-------- DATASET SECTION --------

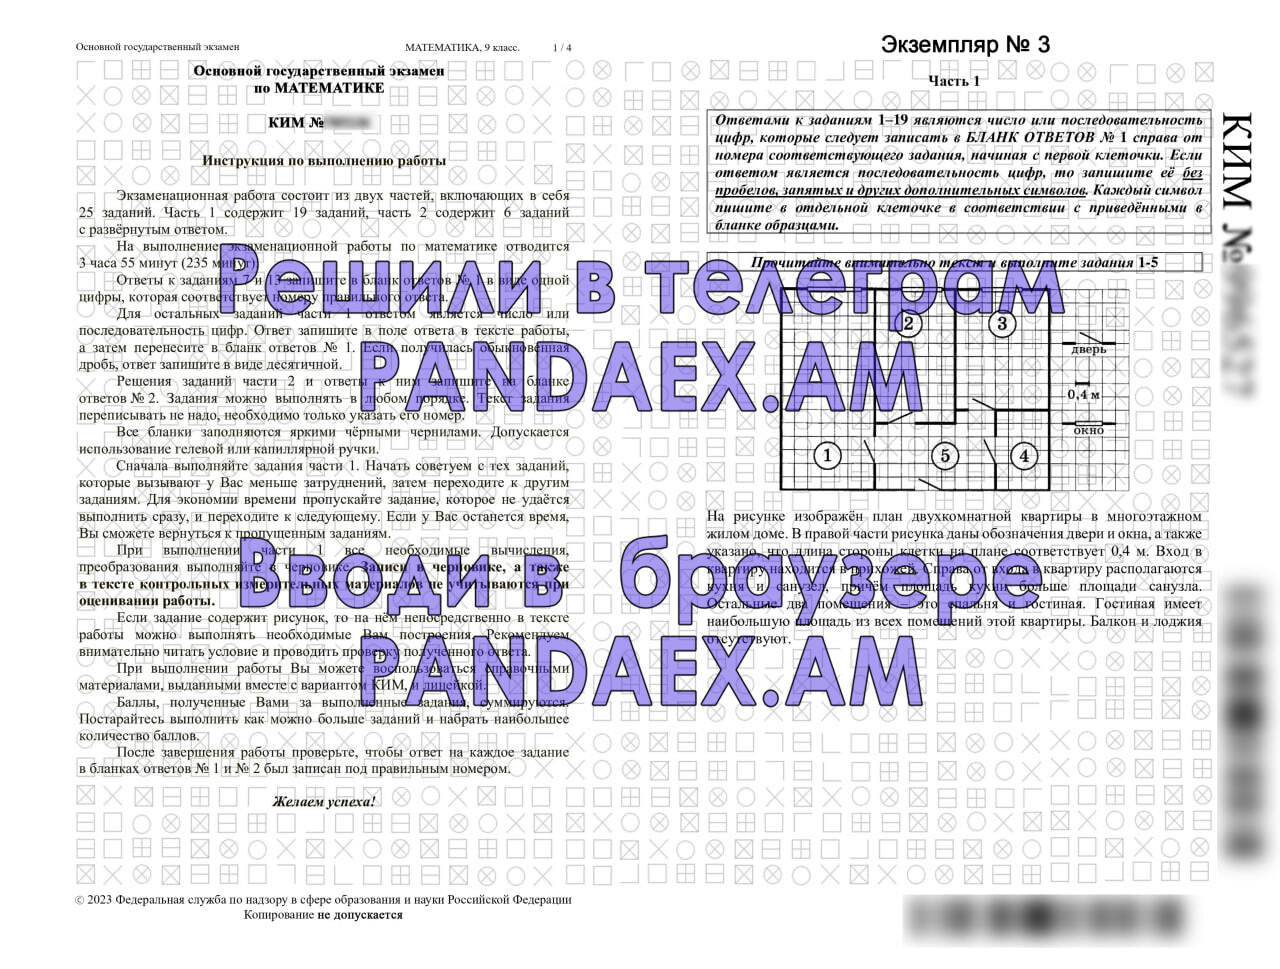 Огэ по русскому языку ответы телеграмм фото 63
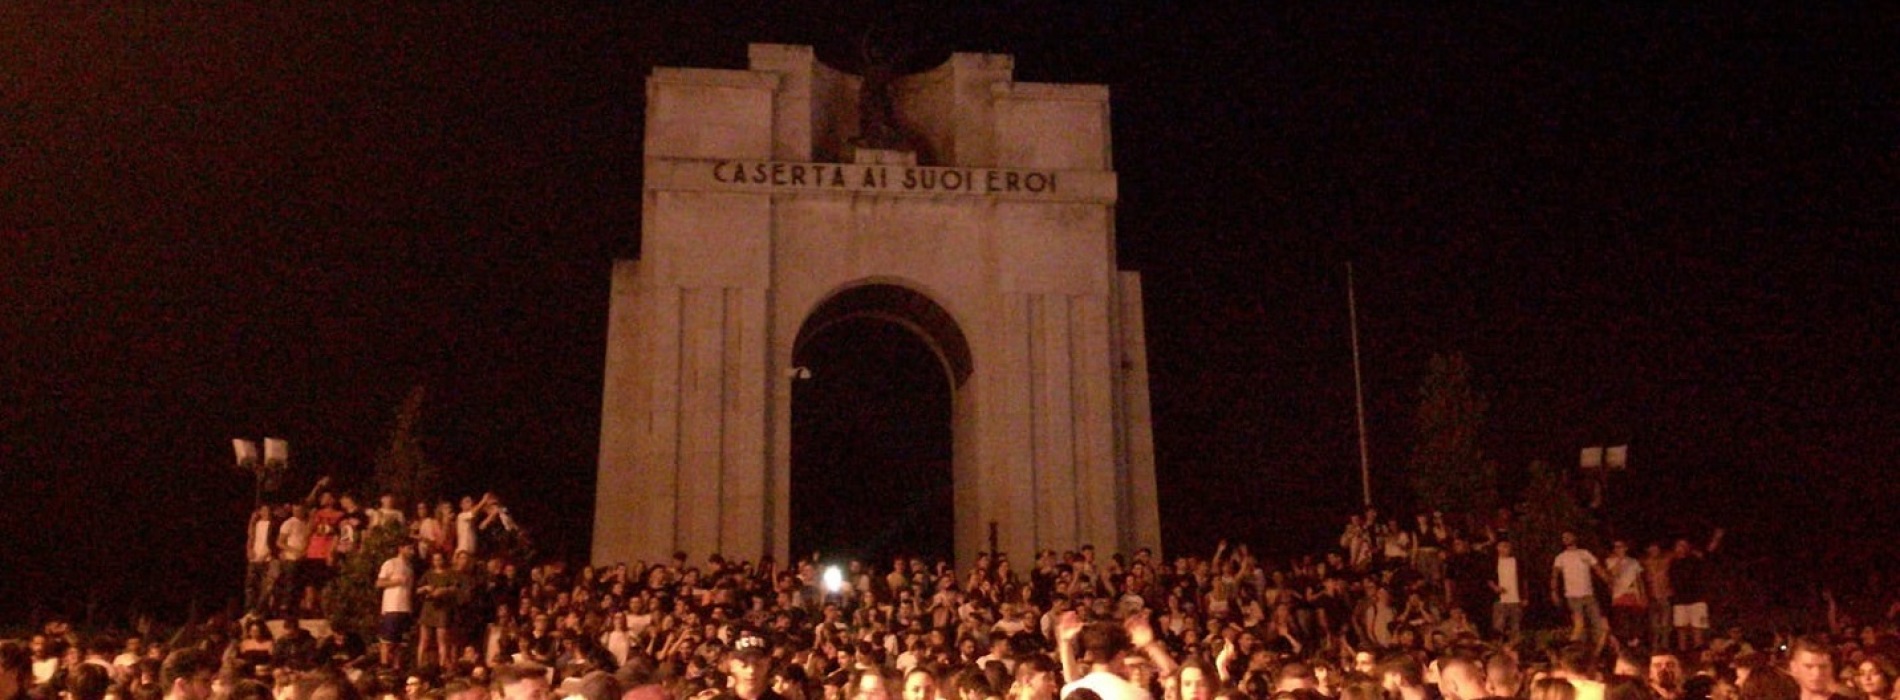 Caserta, al Monumento gli eroi della notte prima degli esami
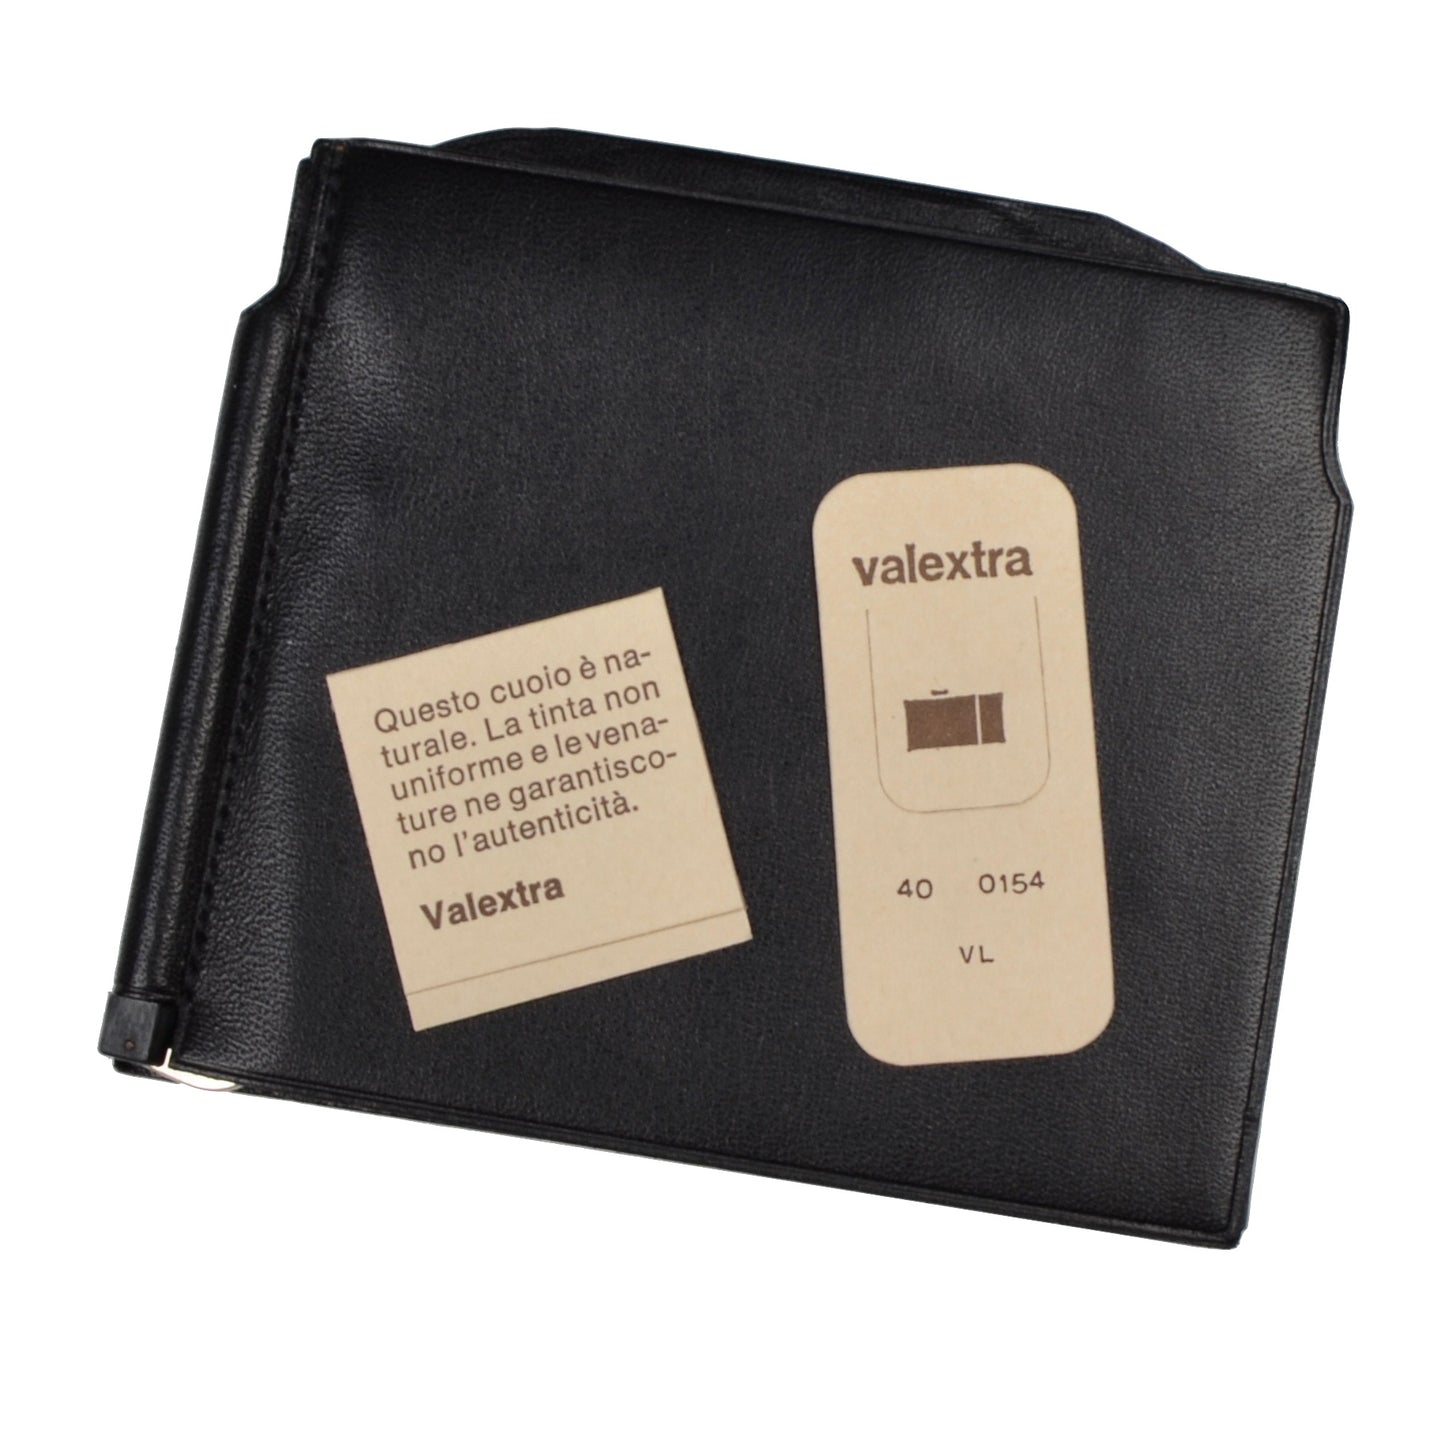 Valextra Milano Grip Spring Wallet - Black

--------

== WORK INSTRUCTIONS ==
Write out the listing again word for word, but without its pictures.

== ANSWER FOR THIS EXERCISE ==
 Огэ по русскому языку ответы телеграмм фото 63
 Caserta, al Monumento gli eroi della notte prima degli esami
 Valextra Milano Grip Spring Wallet - Black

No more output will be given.